Conventional image processing techniques do not take
advantage of the available computing resources such as
multicore/manycore programming and become very time
intensive. GPU-based parallel computing has potential to
process large image files very fast. In this work, the impact of
CUDA-accelerated GPU computing on image processing
performance is studied. Image processing and filtering through
sequential C and parallel CUDA/C programs are implemented.
Six image files with sizes from 512x512 pixels to
16,384x16,384 pixels are considered. CUDA Events are used
to measure the GPU execution time.
According to the experimental results, image processing
and filtering is more efficient when done through CUDA
programming. This is because computations are done
concurrently in parallel by fully exploiting the available
processing resources to improve speedup. Considering the
matrix manipulation on GPU in this experiment, speedup up to
365x can be achieved for a 16,384x16,384-pixel image.
It should be noted that there is a considerable overhead
caused by the CUDA copy operation between the host and the
devices that may reduce the speedup.

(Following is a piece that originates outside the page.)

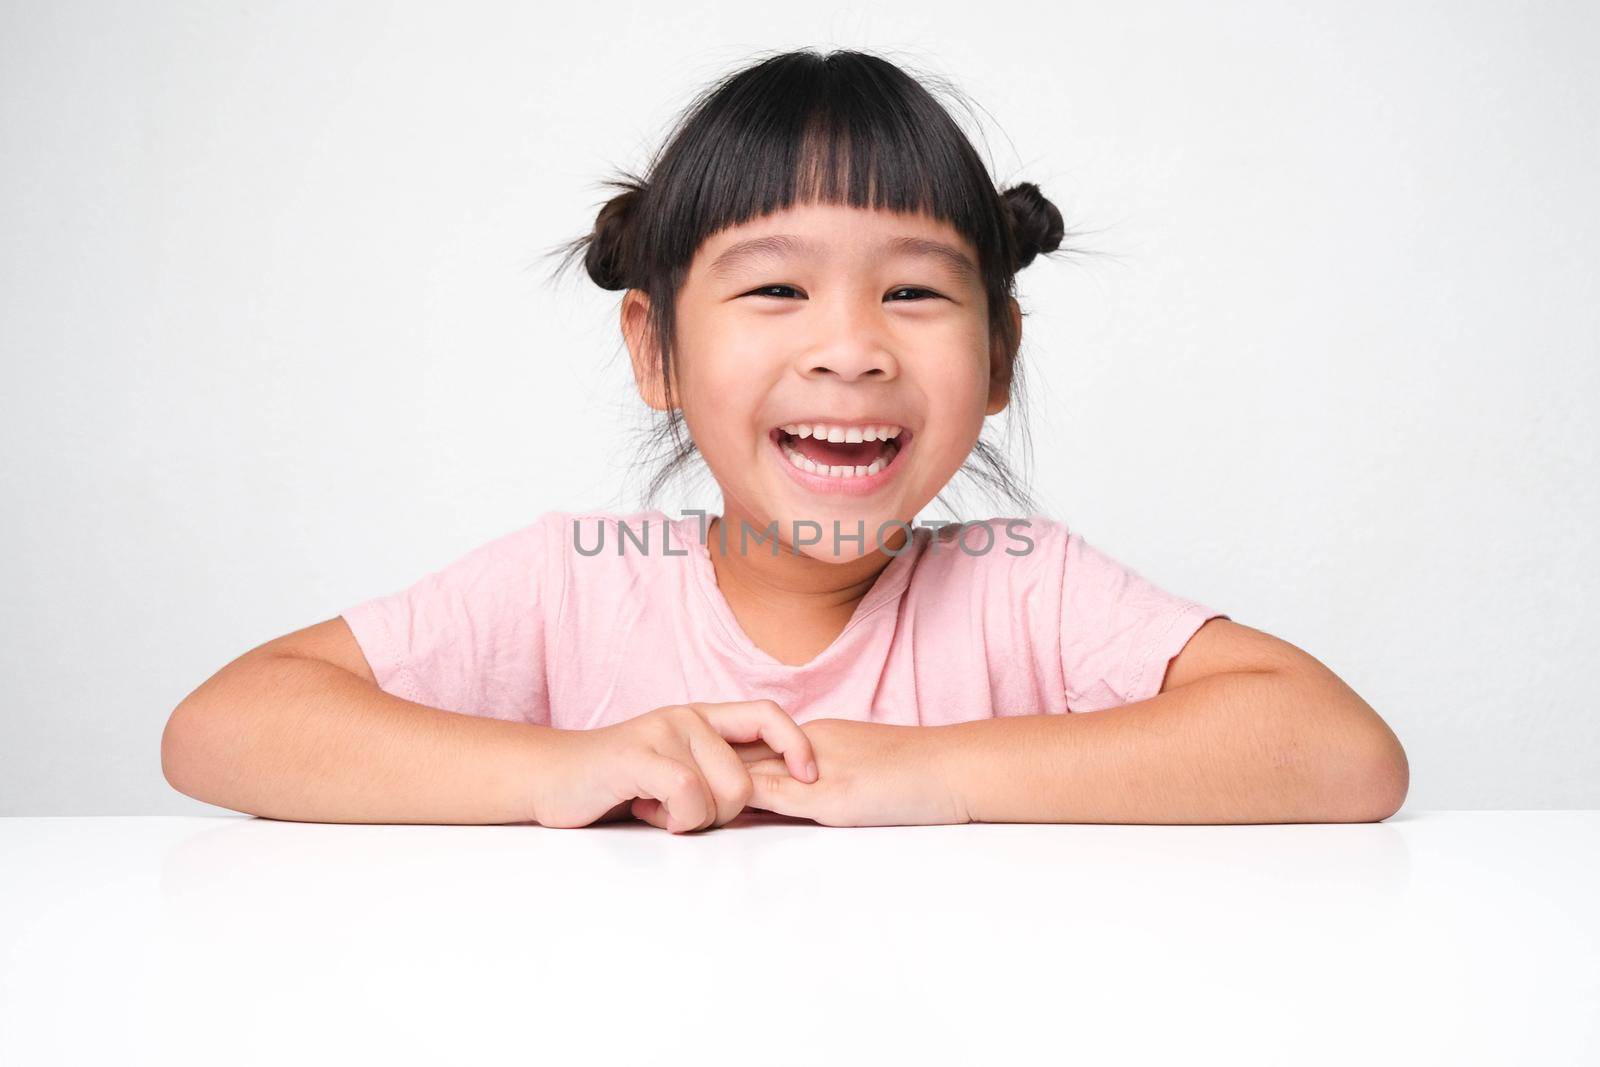 Cute dark haired girl smiling happily sitting at a table on a pink background and looking at the camera. Advertising childrens products

It is observed that the
overhead due to the additional CUDA operations is
considerable compared to the actual pixels manipulation. For
large images, the CUDA malloc() time may be neglected, but
the time to copy data from/to CPU to/from GPU significantly
impacts on the overall performance.
Future extensions of this work include considering more
complex filters that may require thread cooperation to handle
data dependency in order to improve CUDA performance.